訝しむ気持ちはわかる。行方先生の奇術師じみた身なりと言動は、教師だからといってそうそう信用できるものではない。奉司でなくとも警戒心を抱くほうが自然だ。
「まぁ確かに胡散臭いよね、行方センセは。けどああ見えてけっこう頼りになるんだよ? ひめりが保証する」
「君に保証されたら信じるしかない、か」
「私はまだ信用しかねます」
亜月が口を挟む。
「いくら先生だといっても、ゲームで補講の評価をつけるなんて変です。救済というのも実は彼の独断で、ゲームに参加したところで出席扱いにはしてもらえないなんてこともあり得ます」
「そこはちゃんと約束通りにしてくれると思うな。嘘をつく人じゃないよセンセは」
「騙し合いのゲームを唐突に始めるような人が、ですか?」
亜月とひめりの視線が宙でぶつかる。
「真面目すぎだよ亜月ンは。先生が遊んでくれるんだから素直に楽しめばいいのに」
「あなたこそ不真面目すぎませんか。教師に色目なんか使って」
「ちょっとちょっと、あんたら熱くなんなって」
夕奈が見かねて仲裁に入る。
「さっき皆同意したじゃん。マダミスやるのは決まったことなんだから、仲良くやろうよ。もし成績に入らないなんてことになったら他の先生に訴えてやればいいんだし、そしたらあの行方って人も困るでしょ」
「……それもそうね。ありがとう、伊丹さん」
「夕奈でいいよ。あと礼は要らんし」
争いがひとまず収まり、また教室が静かになる。
衝突を防いだ功労者はやれやれと首を振って頬杖をつく。気だるげであまり積極的に見えない彼女が、ひょっとするとこの教室で一番冷静なのかもしれない。

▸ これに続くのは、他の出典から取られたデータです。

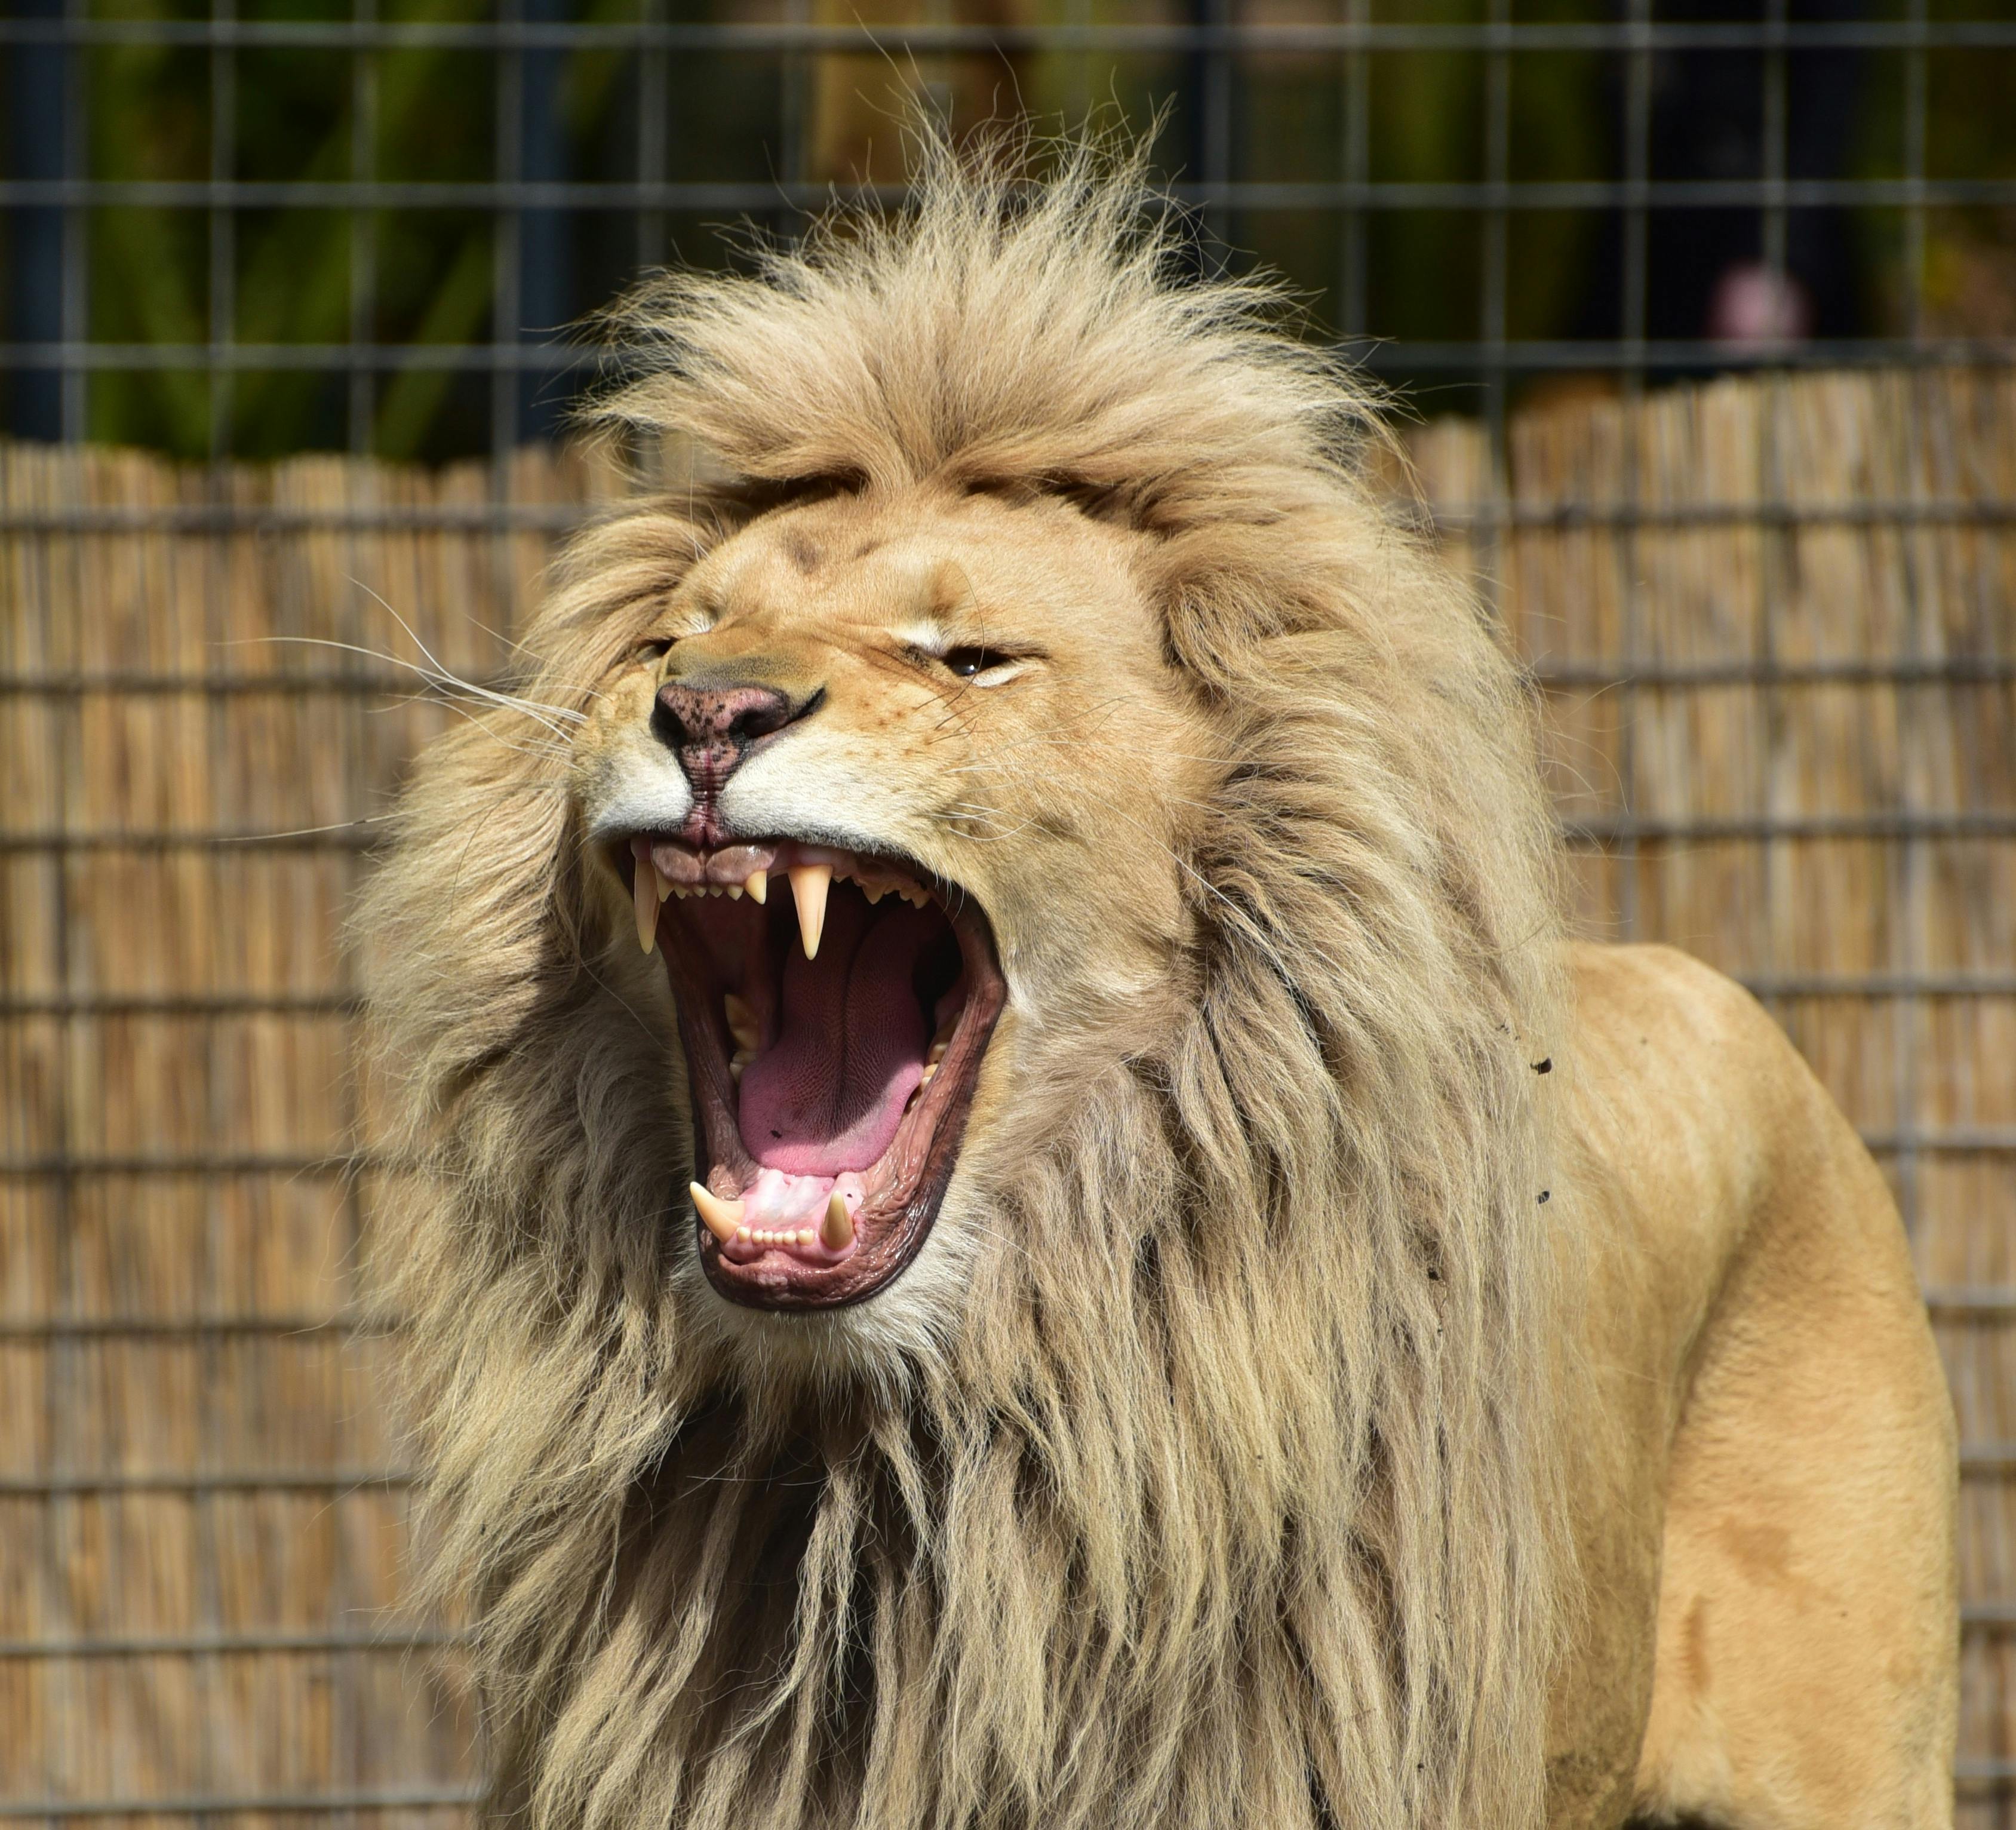 Scavalca il recinto per farsi un selfie con il leone e muore sbranato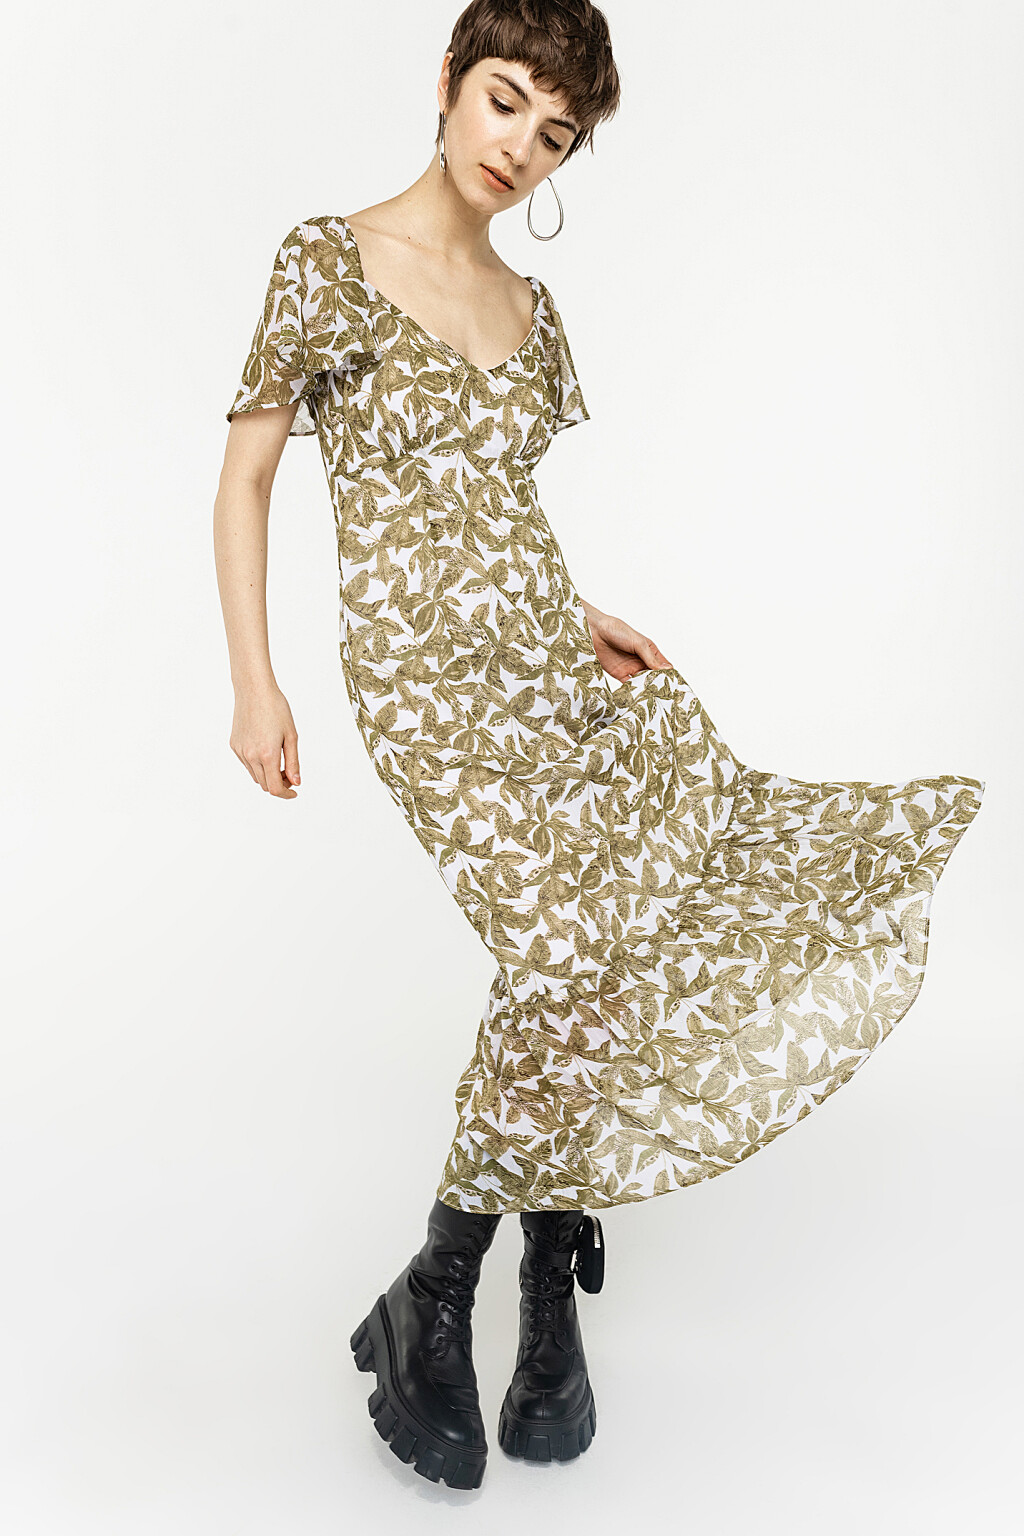 Платье длинное с рукавами-воланами 2021262543$D, цвет: зеленый (132) по цене 1199 рублей - купить в Интернет-магазине «Befree»

ぼくの視線を感じたのか、夕奈と目が合う。周囲を気にしながらこそこそと距離を詰めてくる夕奈に、ぼくのほうからも顔を近づける。
「さっきはああ言ったけどさ」
面白い遊びを思いついた子どものように夕奈は囁く。
「実は結構楽しみなんだ。皆とゲームやるの」
ぼくもだよ、とぼくは答えることにした。